── DATA SUPPLIED
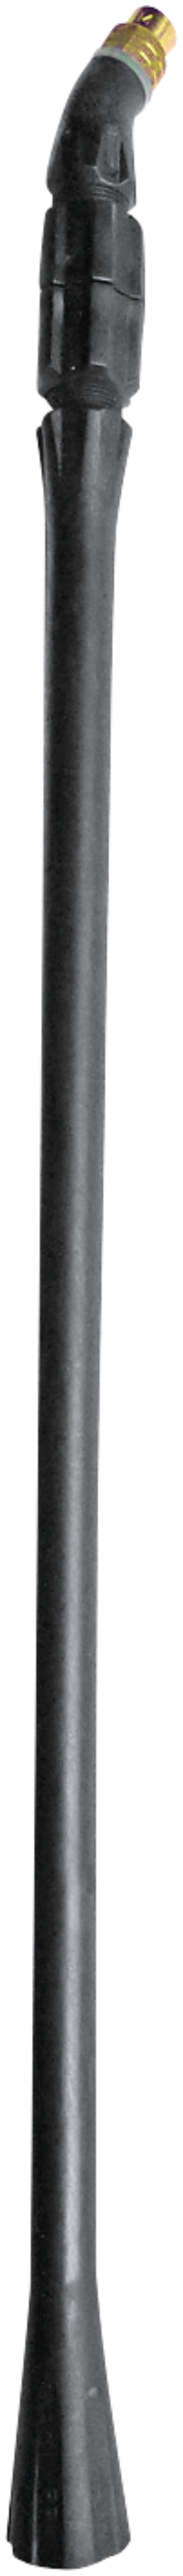 MESTO Spritzrohr, stufenlos ausziehb 52-90 cm, Kunststoff mit Düse
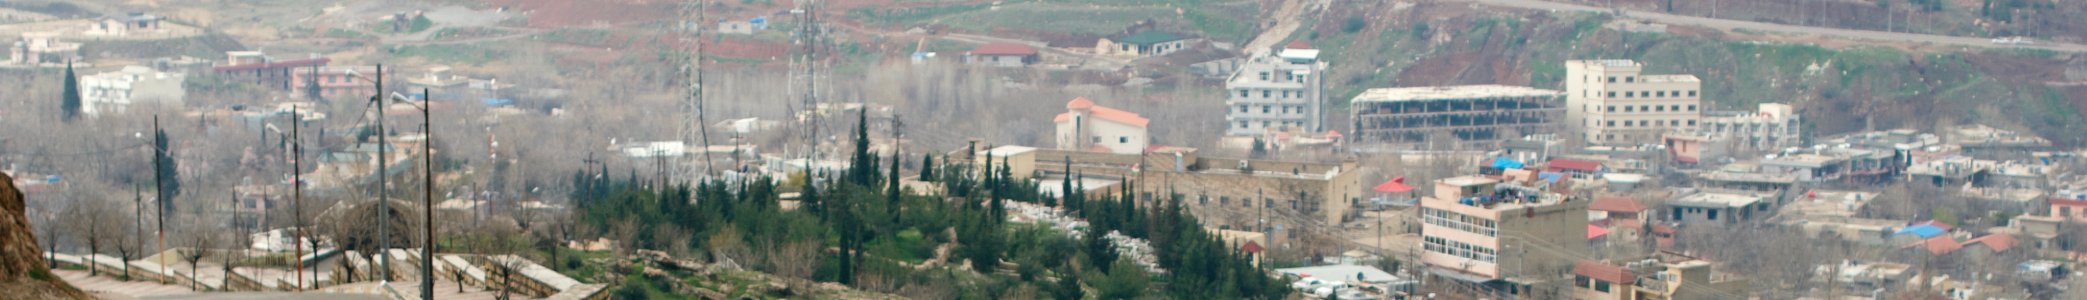 Views along the way and at the Shrine of Raban Boya in Shaqlawa 21 (cropped) photo
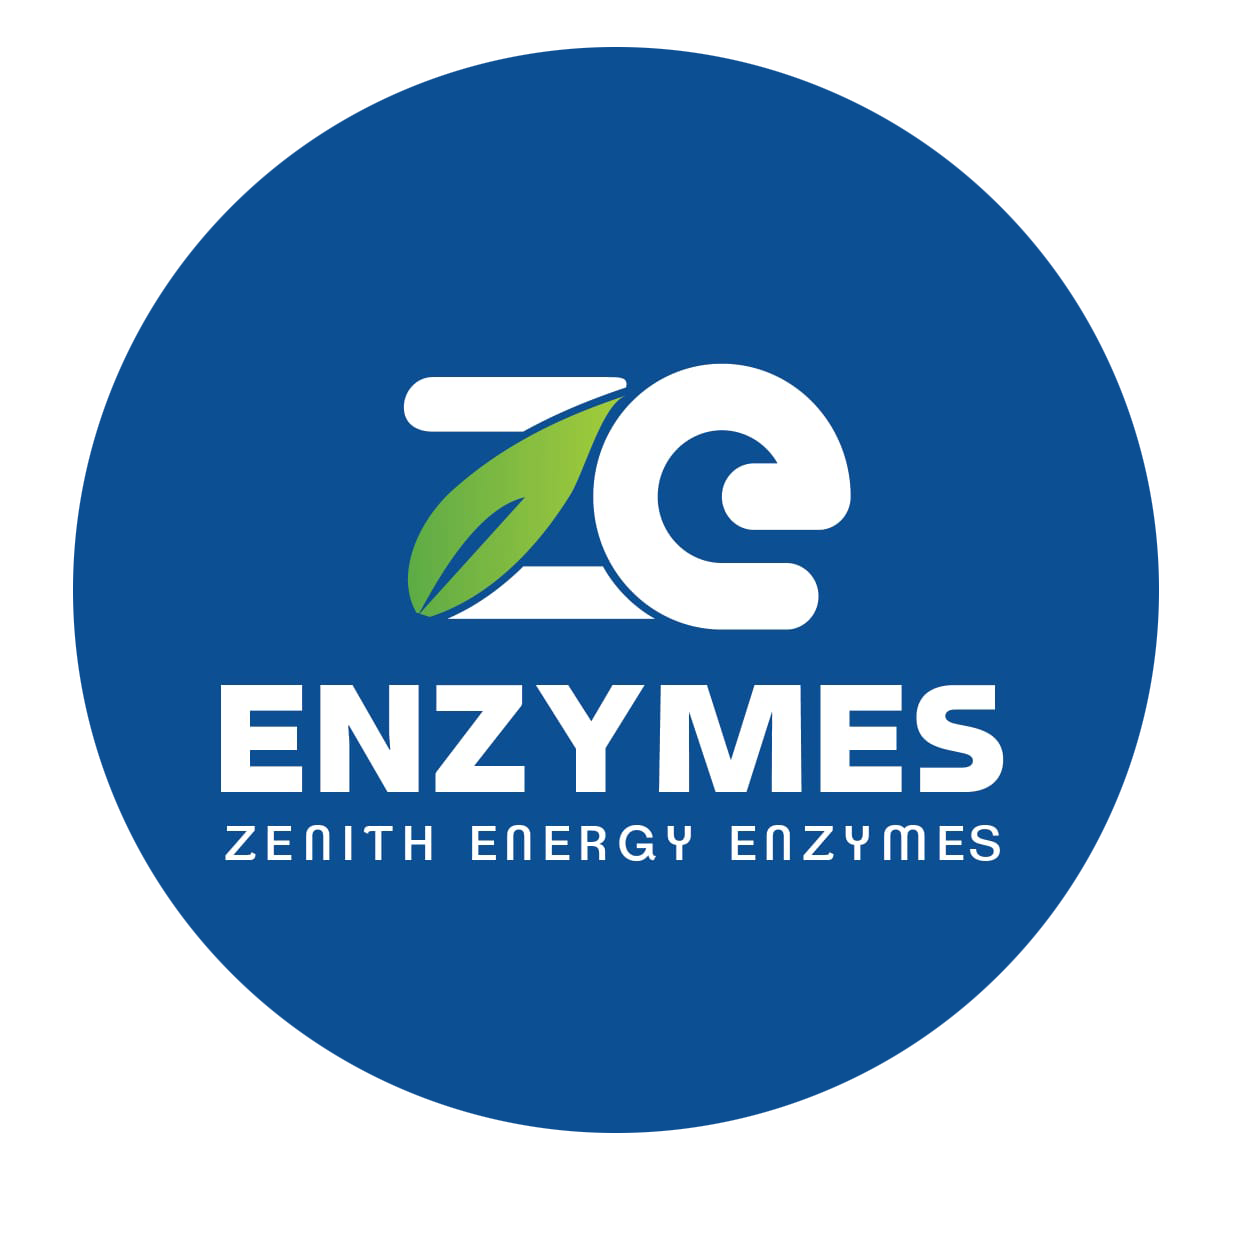 Zenith Energy Enzymes
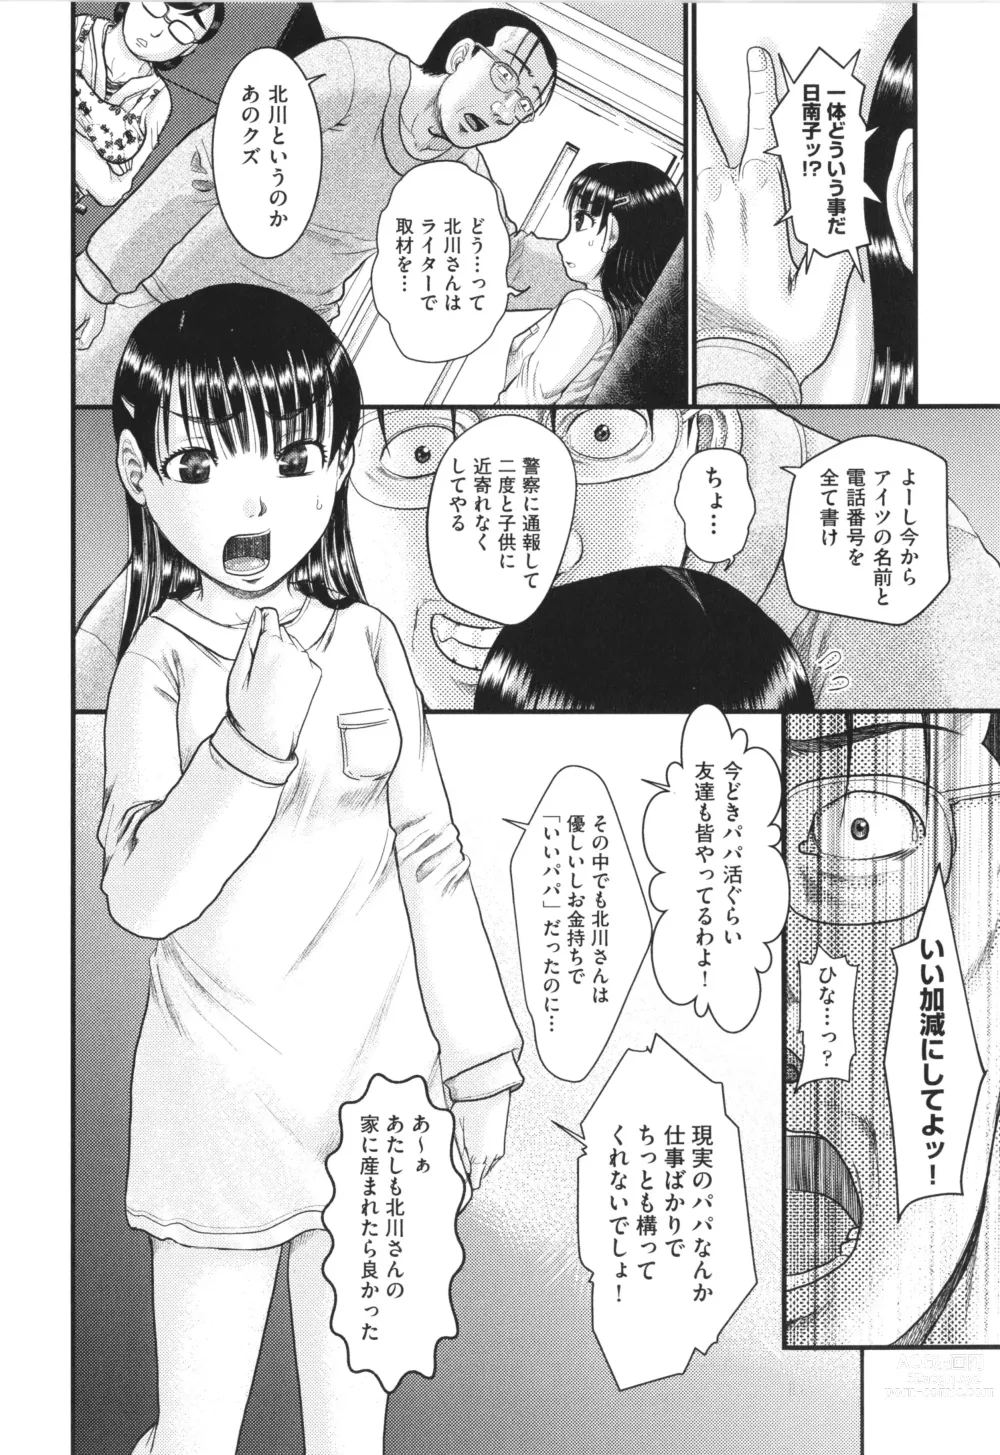 Page 7 of manga Akarui Kazoku Kyoujoku
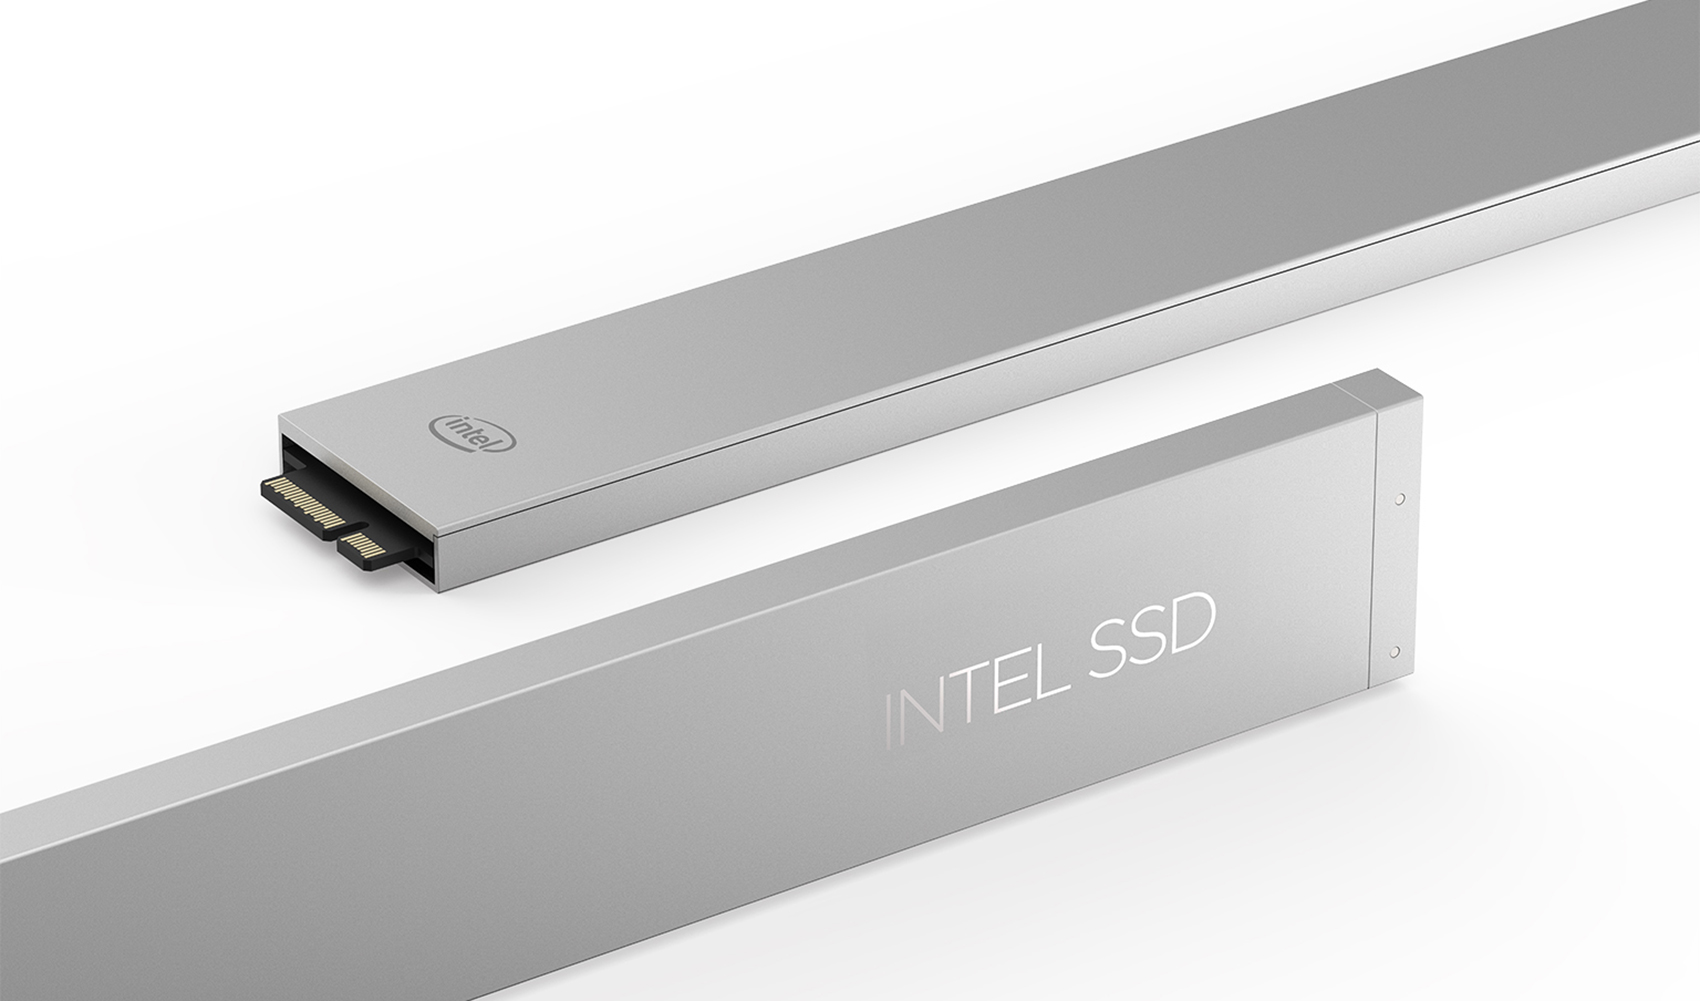 La serie Intel SSD DC P4500 viene con forma de 'regla', que proporciona una densidad de almacenamiento sin precedentes...
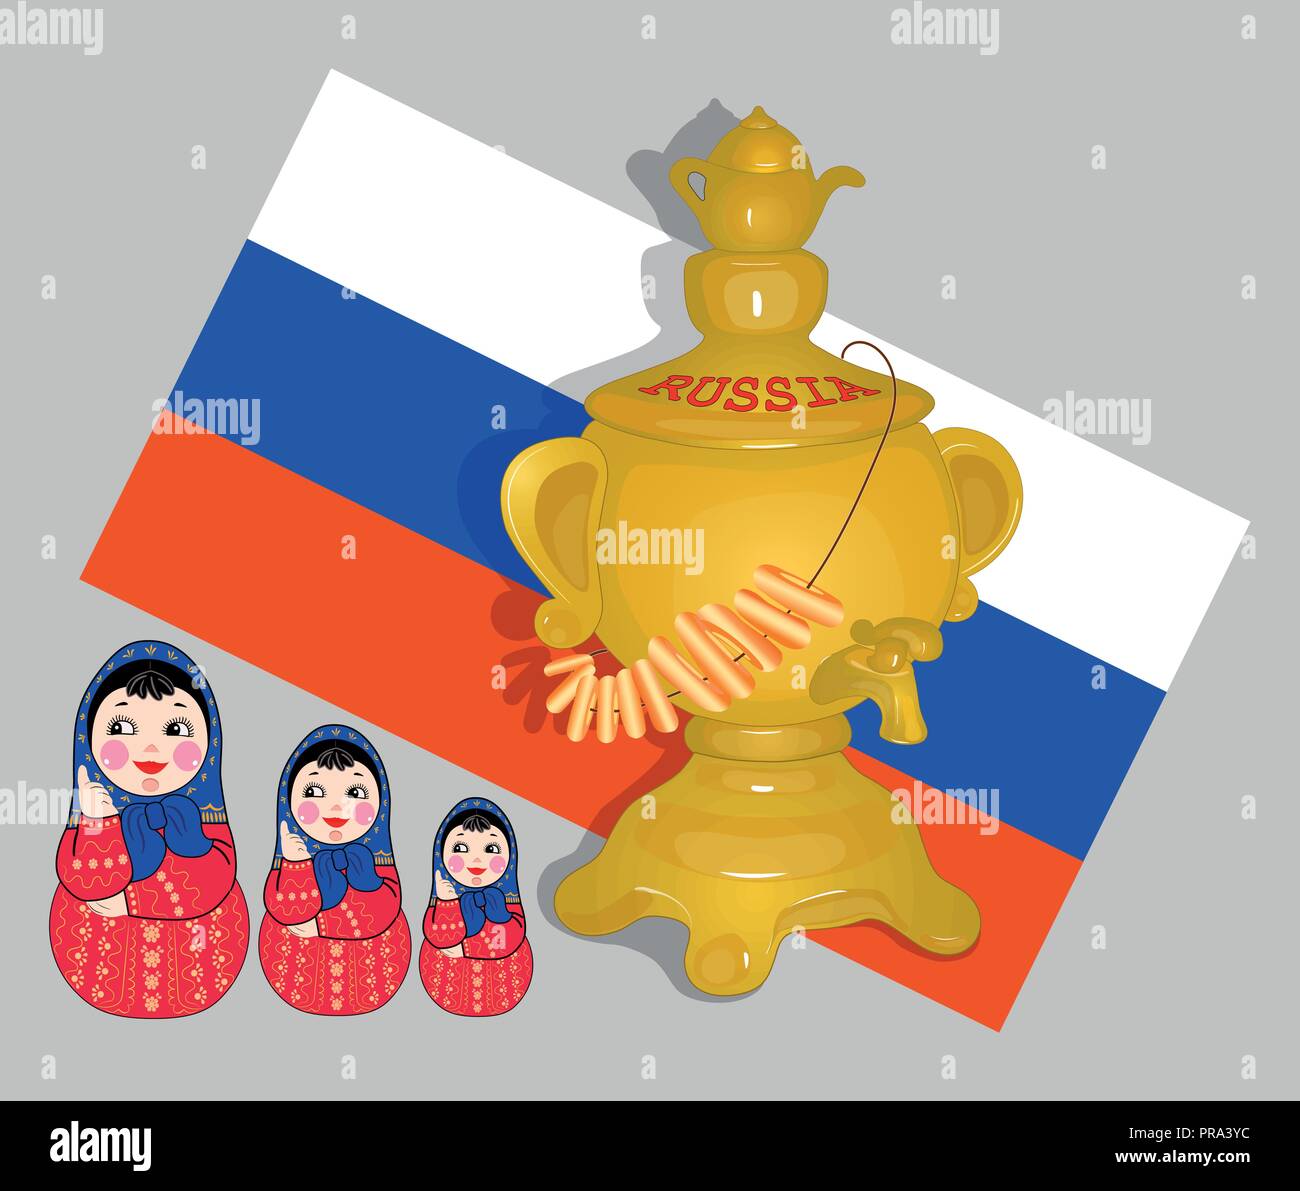 Plakat mit der Flagge Russlands. Goldener Samowar mit Teekanne. Matryoschka  Russisch in einem roten Kleid , ein blaues Taschentuch. Vektor  Stock-Vektorgrafik - Alamy
────
All that is needed is the lines from the line holding "Page 7 of manga Akarui Kazoku Kyoujoku" to the final line of the listing above, repeated exactly, pictures excluded.

» RESPONSE AREA:
 Page 7 of manga Akarui Kazoku Kyoujoku
 La serie Intel SSD DC P4500 viene con forma de 'regla', que proporciona una densidad de almacenamiento sin precedentes...
 Plakat mit der Flagge Russlands. Goldener Samowar mit Teekanne. Matryoschka  Russisch in einem roten Kleid , ein blaues Taschentuch. Vektor  Stock-Vektorgrafik - Alamy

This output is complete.